Depressed loner mice get more sociable when researchers delete a memory molecule from their brains, scientists say.This molecular therapy worked about as well as giving mice antidepressants, the researchers report today in the journal Science.
The finding might help treat human ills like social phobia and post-traumatic stress, the scientists say. They targeted a molecule in a section of the brain known to be related to sensations of pleasure and danger, says Dr Olivier Berton of the University of Texas Southwestern Medical Center, one of the report’s authors. “We focused on this molecule in a region of the brain that people call the reward pathway, which people have studied a lot in relation to drugs that are abused,” he says.

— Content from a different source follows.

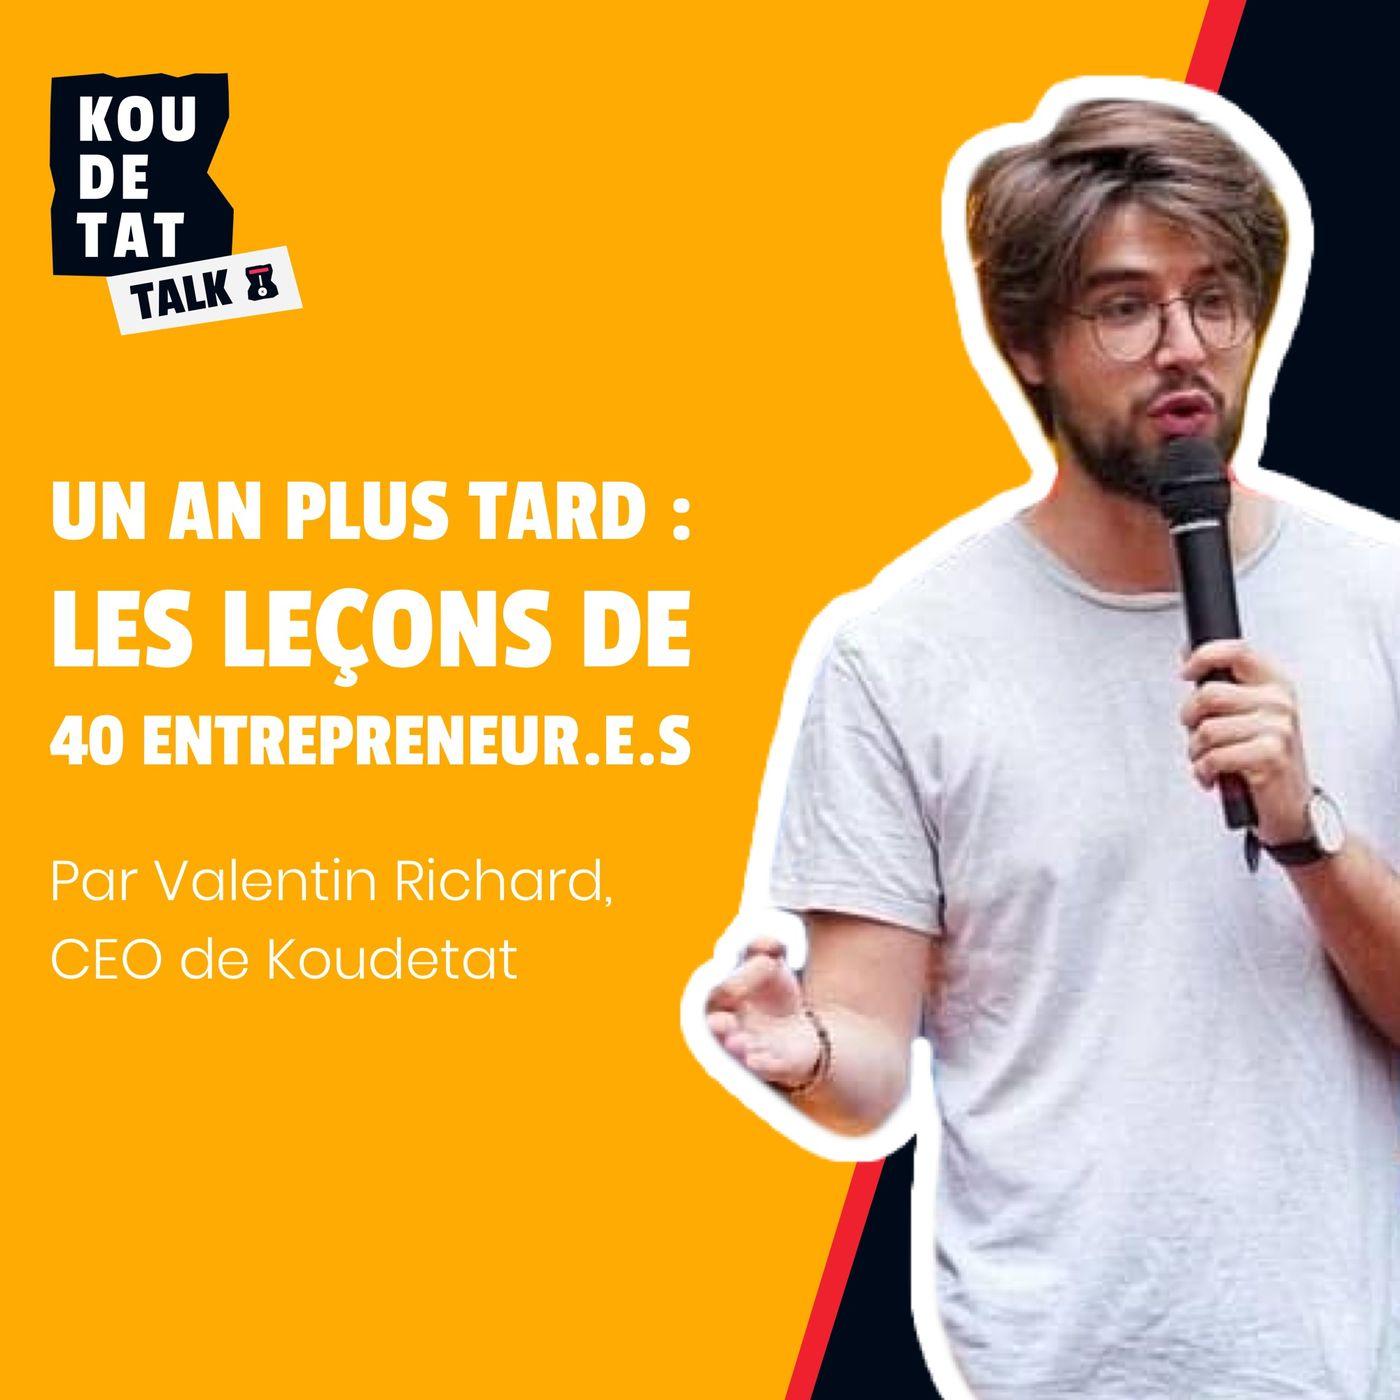 Koudetat Talks : un an plus tard - Leçons apprises avec 40 entrepreneur.e.s, par Valentin Richard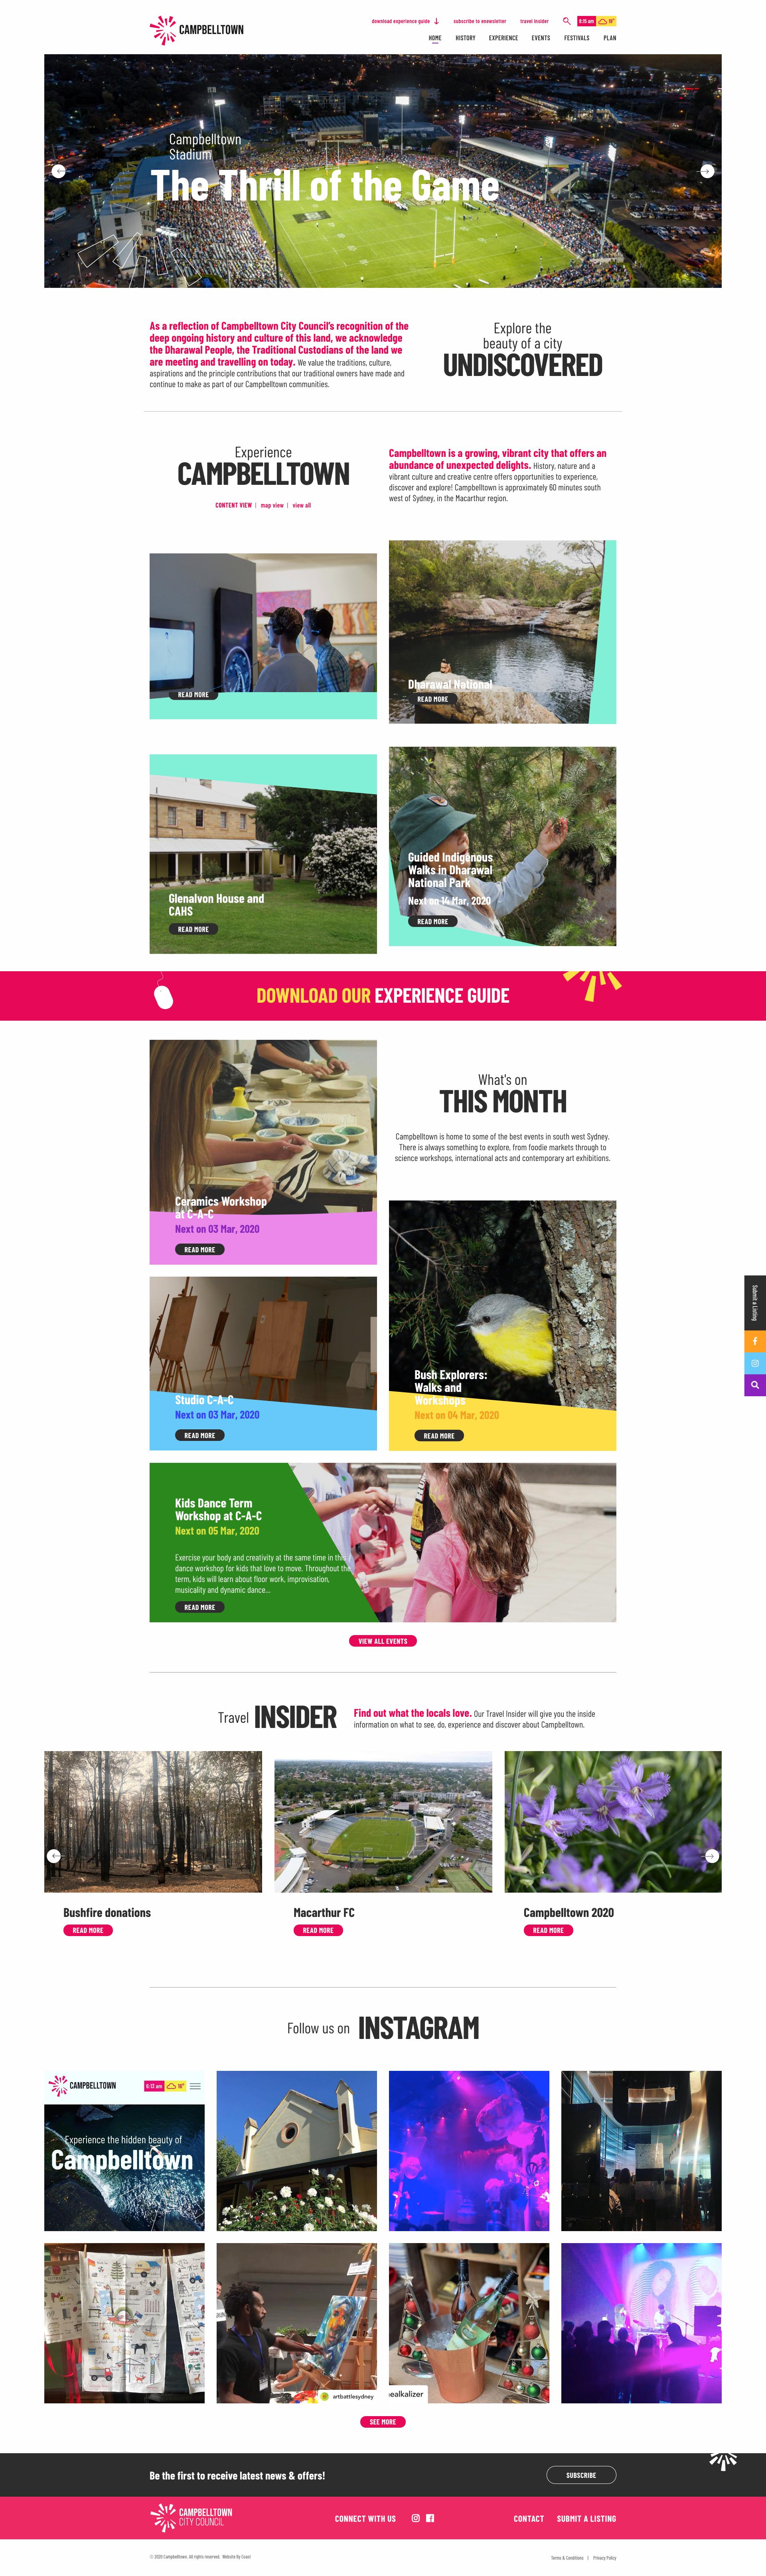 Website Design & Development for Campbelltown

Deleting the molecule from this part of the brain meant that the mice were never depressed and fearful, Berton says, even though conditions were set up that normally would make them run and hide. “If we can identify such mechanisms in the brain, that’s a way to develop antidepressants that work faster and in more people,” Berton says.
Depressed mice become withdrawn
To carry out the experiment, Berton and his colleagues had to find a way to reliably make mice depressed. They did this by putting ordinarily sociable mice in cages with aggressive, bullying mice. The sociable mice regularly fought with the bullies, and over a period of days became withdrawn and fearful of strange mice. Even when the bullies were removed, the depression stayed. They perked up when dosed with antidepressants for a month, Berton says.
Deleting the molecule involved anesthetising the mice, then injecting this very specific part of their brains with a virus that disables the molecule.
This kind of technique has been used experimentally in research into Parkinson’s disease, Berton says.
An alternate to antidepressants?
The result in mice was to block the typically depressed response to bullying, mimicking the response to chronic antidepressant therapy. The next step is to record the electrical activity of brain cells in the reward pathway, Berton says. “We’re trying to understand this response to stress from the molecular to the cellular to the neural circuit level of understanding,” he says.